Кто будет лучшим проводником, чем искуснейший в Кальваре любитель кошек, успешно укрывавшийся столько лет от признания?
***
Подземелья Палаццо не слишком годились на роль тюрьмы. Всё же чаще они служили приютом для вин, окороков, сыров, оружия и пороха, а для этого добра запах плесени, капающая тут и там водица, заржавленные цепи и прочие составляющие порядочной темницы – не лучшие соседи. Впрочем, Альвино пошучивал, что в его лета всё равно вредно работать в сырости. К тому же, в сердцах большинства «посетителей» раскаяние почему-то великолепно созревало и без лишней влаги.
Дверь пыточной заскрипела всеми тремя петлями под плечом Сика. Должно быть, толстяк специально подмазывал их водой, чтобы одним появлением своим взгревать заждавшегося пленника.
– Дружище, запали-ка свет во-он там, – Карл указал кубком в тёмный угол с пыточным инструментом.
Сик молча кивнул.
Стефан же не переставал тихонько бухтеть, даже пока закрывал дверь:
– Ну, что он ещё нам скажет-то? Точнее, чего ещё не скажет?
– Почему не попробовать? Уверен, мессеру Ренато достаточно наскучило сидеть тут одному!
Валон опустился на табурет перед обожжённым шпионом – плавно, дабы не расплескать вино из кувшинчика. Вот так-то лучше. Ходить туда-сюда, когда воздух загустел, как кисель – очень весело, но утомляет.
– Нет? Язык из задницы не достанешь?
Прищуренным левым глазом Ренато Штифт осмотрел гостей – и снова зажмурил его, когда Сик зажёг два других фонаря. Правый глаз не открывался вовсе.
– Зря ты это.
Карлу удалось наконец отвести взгляд от страшного лица и сосредоточиться на вине. Так-то лучше.
– Я не пытать тебя пришёл. Как видишь.
Чересчур опрометчиво он описал наполненным кубком круг перед праздничным нарядом, немедленно украсив его двумя пятнами. Ну и ладно.
– По правде, не думаю, что в этом смысл есть. Сдаётся мне, ты ничего путного не скажешь, даже если умишком тронешься от боли…
Шпион не проронил ни слова. Грудь его с парой свежих ожогов, густо замазанных желтоватой мазью, едва заметно вздымалась через равные промежутки – только это и выдавало остатки жизни в скрюченном теле. Во всяком случае, пока путы удерживали его на стуле, привинченном к полу.
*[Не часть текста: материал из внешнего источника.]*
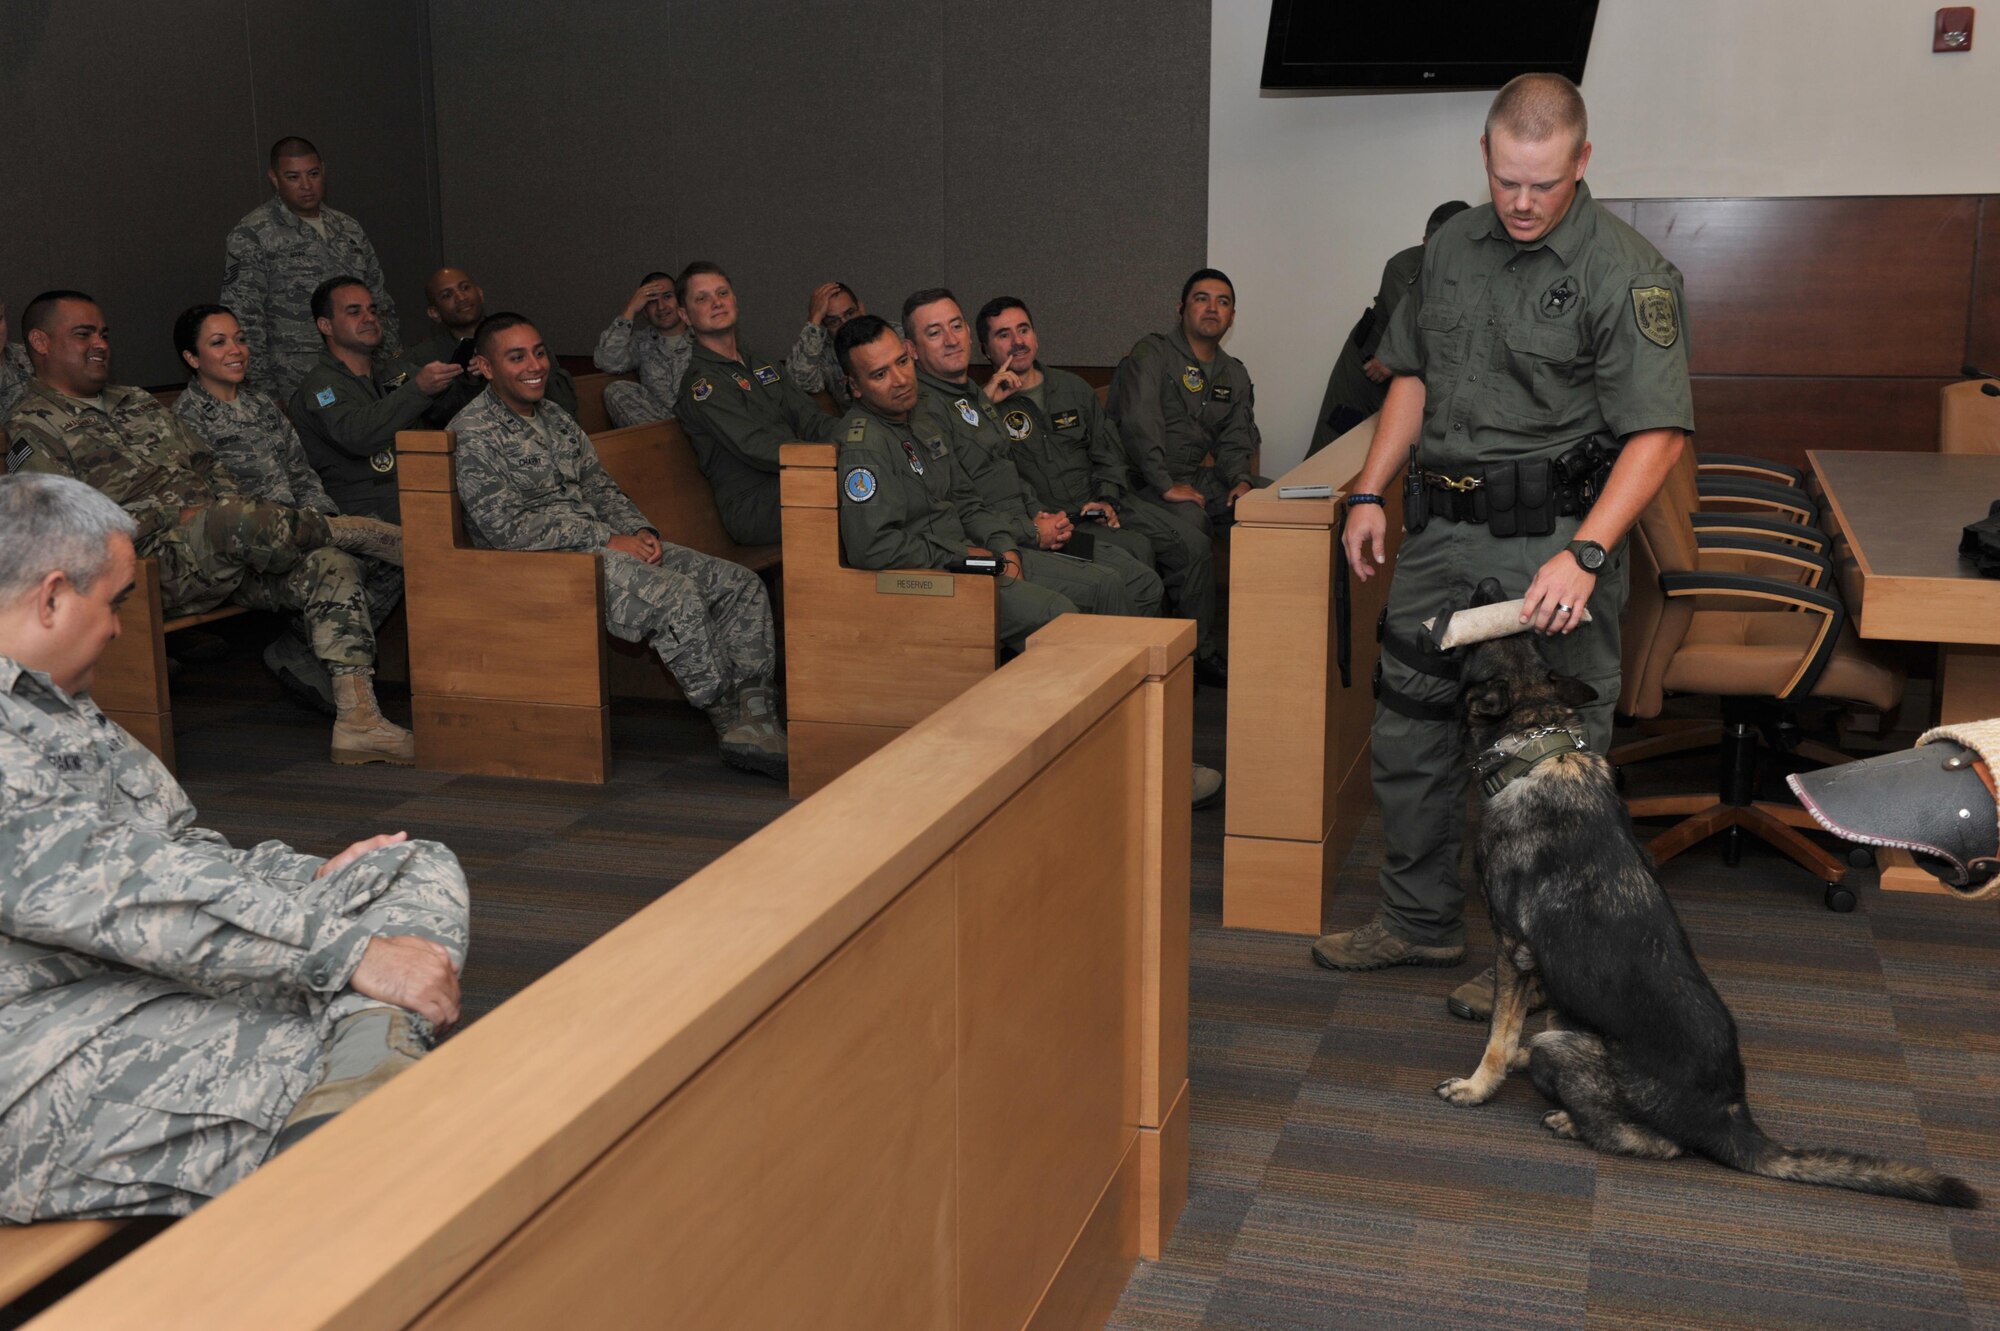 Derek York, an Okaloosa County K-9 team member, performs obedience drills with his working dog, Ranger, during the Building Partnership Aviation Capacity Seminar at Ft. Walton Beach, Fla., July 19, 2016. Approximately 40 guest speakers amd tour guides from across the Department of Defense, other government agencies and the civilia sector share their personal experiencies in aviations enterprise and security with BPACS attendees. (U.S. Air Force photo by Staff Sgt. Kentavist P. Brackin)

– …но отец настаивает на продолжении. Велел Альвино снова взяться за твоего паренька.
Челюсть Штифта задвигалась. Всё ещё беззвучно.
– Альвино перестарался, в общем. Приморил его.
Теперь уж замерла и грудь. Карл нахмурился, отпил большой сердитый глоток. Какой упёртый, мог бы хоть простонать что-то! Но в шпионы, должно быть, и не берут тех, кто переживания свои видимым образом переживает.
– Ты что-то совсем пригорюнился. Глотнуть хочешь?
Ренато издал некий звук; облизал губы, затем повторил:
– Нет.
Вздохнув, Даголо наполнил опустевший кубок. Ну и дурак. На пустой желудок его бы и один стаканчик нахлобучил – разве это хуже, чем на трезвую голову истязание терпеть?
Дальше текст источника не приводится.